▶ What this task involves
Print exactly the lines from the one that contains "Outfit Revealed For" through the last line of the material, both included, and leave out all pictures.
** Opening Recorded data block **
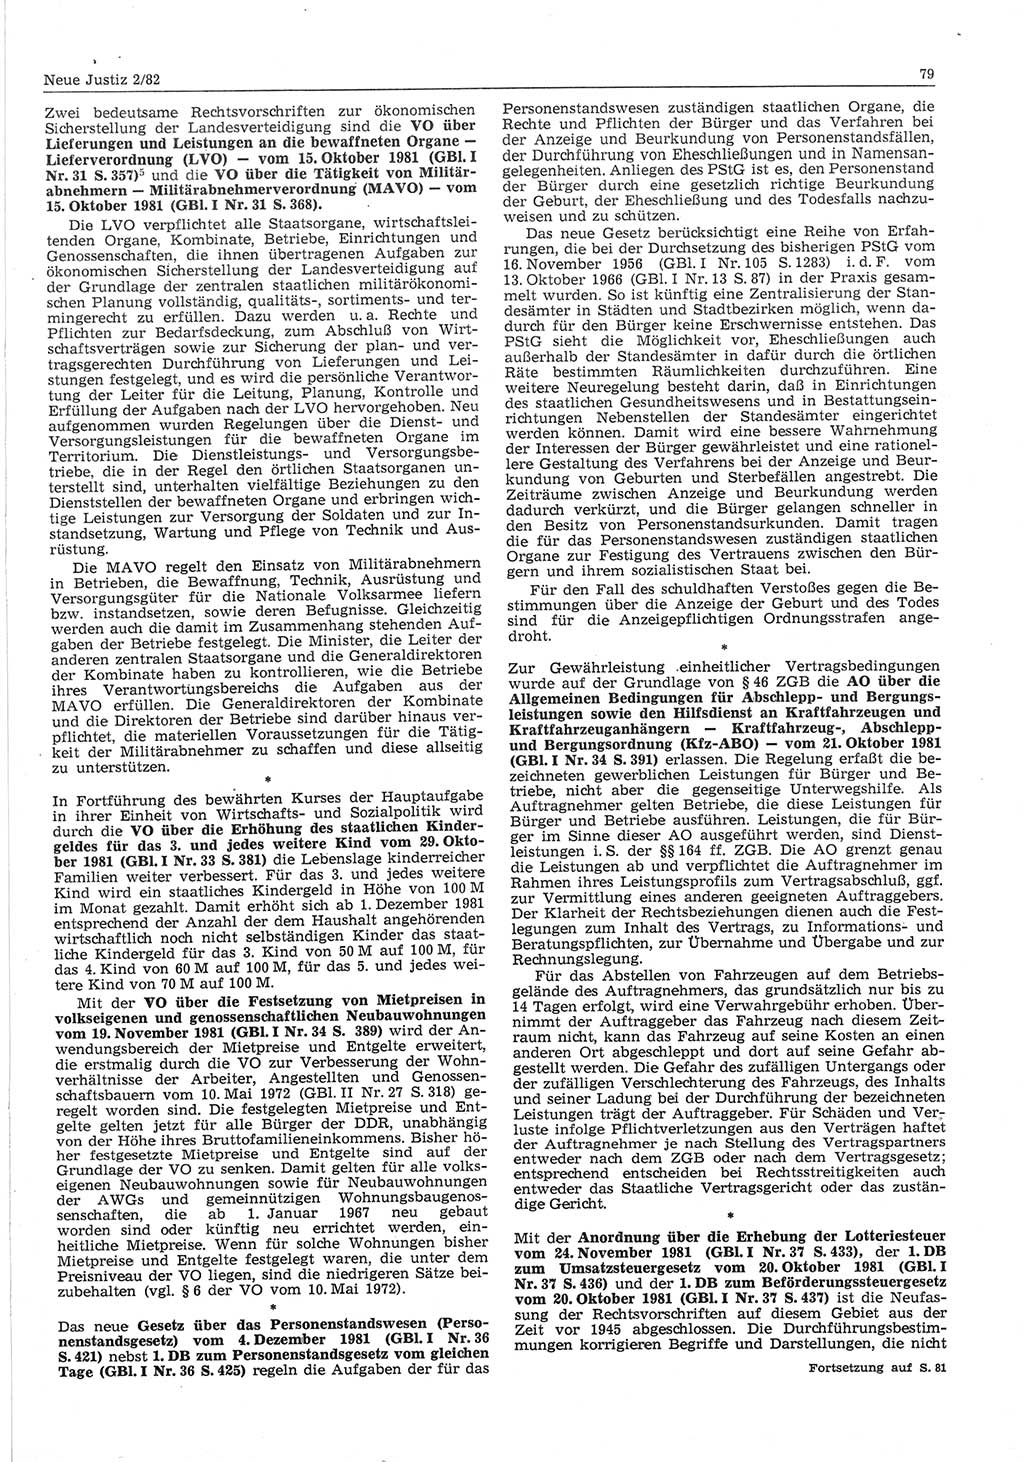 Neue Justiz (NJ), Zeitschrift für sozialistisches Recht und Gesetzlichkeit [Deutsche Demokratische Republik (DDR)], 36. Jahrgang 1982, Seite 79 (NJ DDR 1982, S. 79)
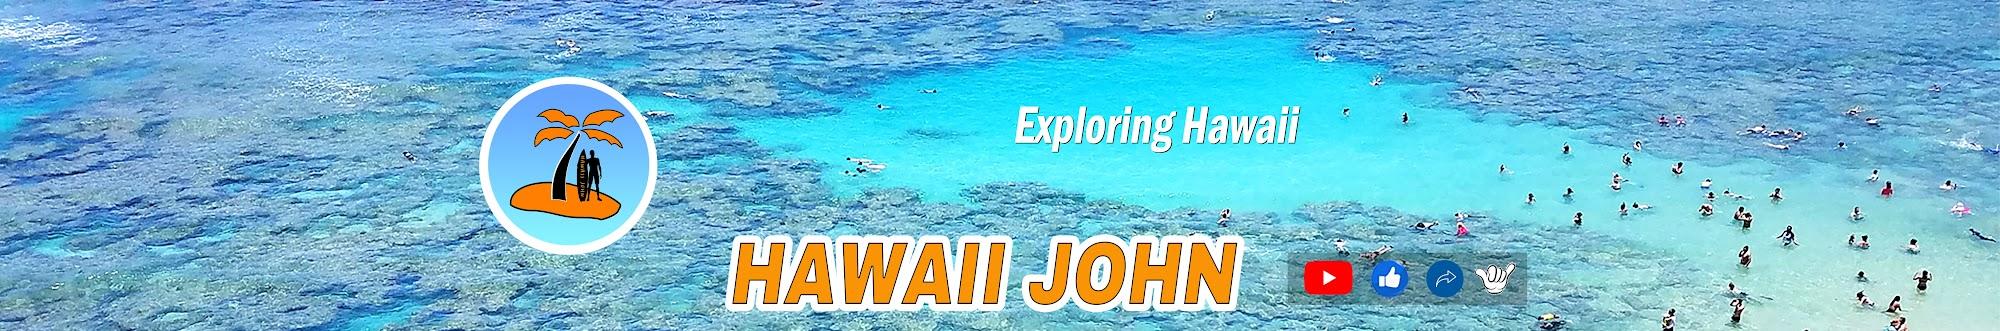 Hawaii John
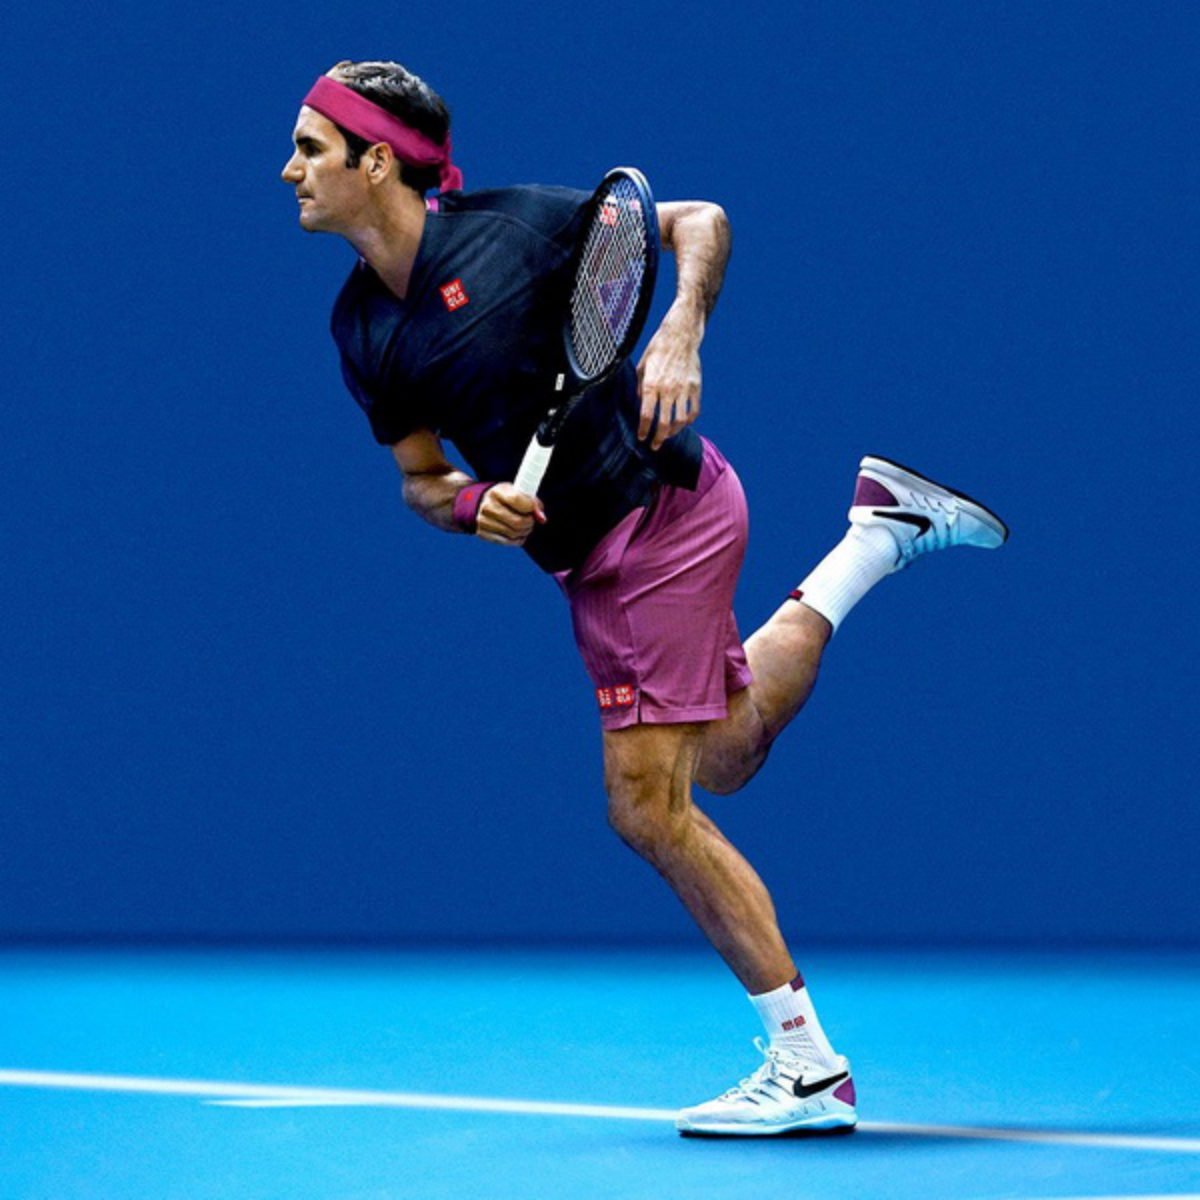 Outfit Revealed For Roger Federer For Australian Open 2020 -  EssentiallySports
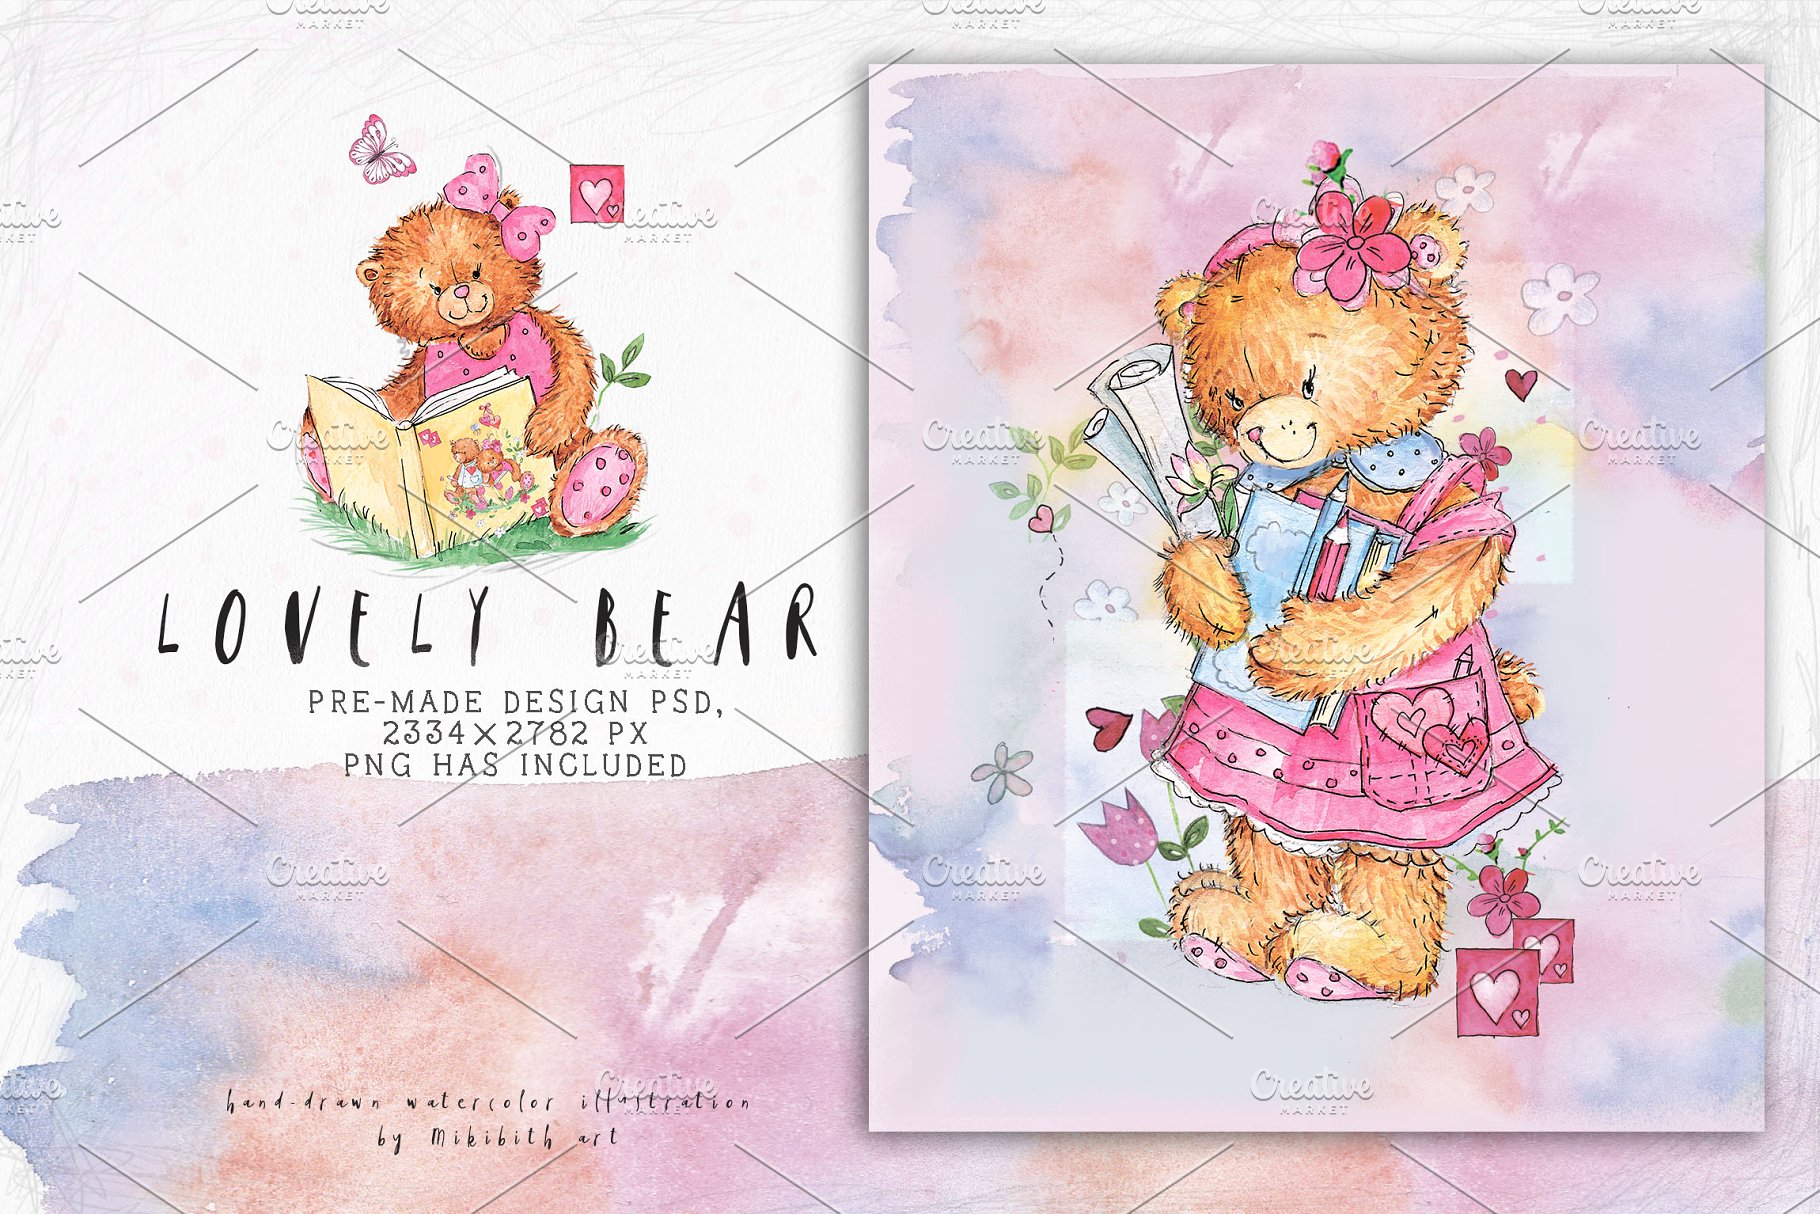 可爱熊与老鼠手绘剪切画素材 SO LOVELY BEARS+ 1 MOUSE :)插图(5)
** Closing Recorded data block **
▶ Solution
 Outfit Revealed For Roger Federer For Australian Open 2020 -  EssentiallySports
 可爱熊与老鼠手绘剪切画素材 SO LOVELY BEARS+ 1 MOUSE :)插图(5)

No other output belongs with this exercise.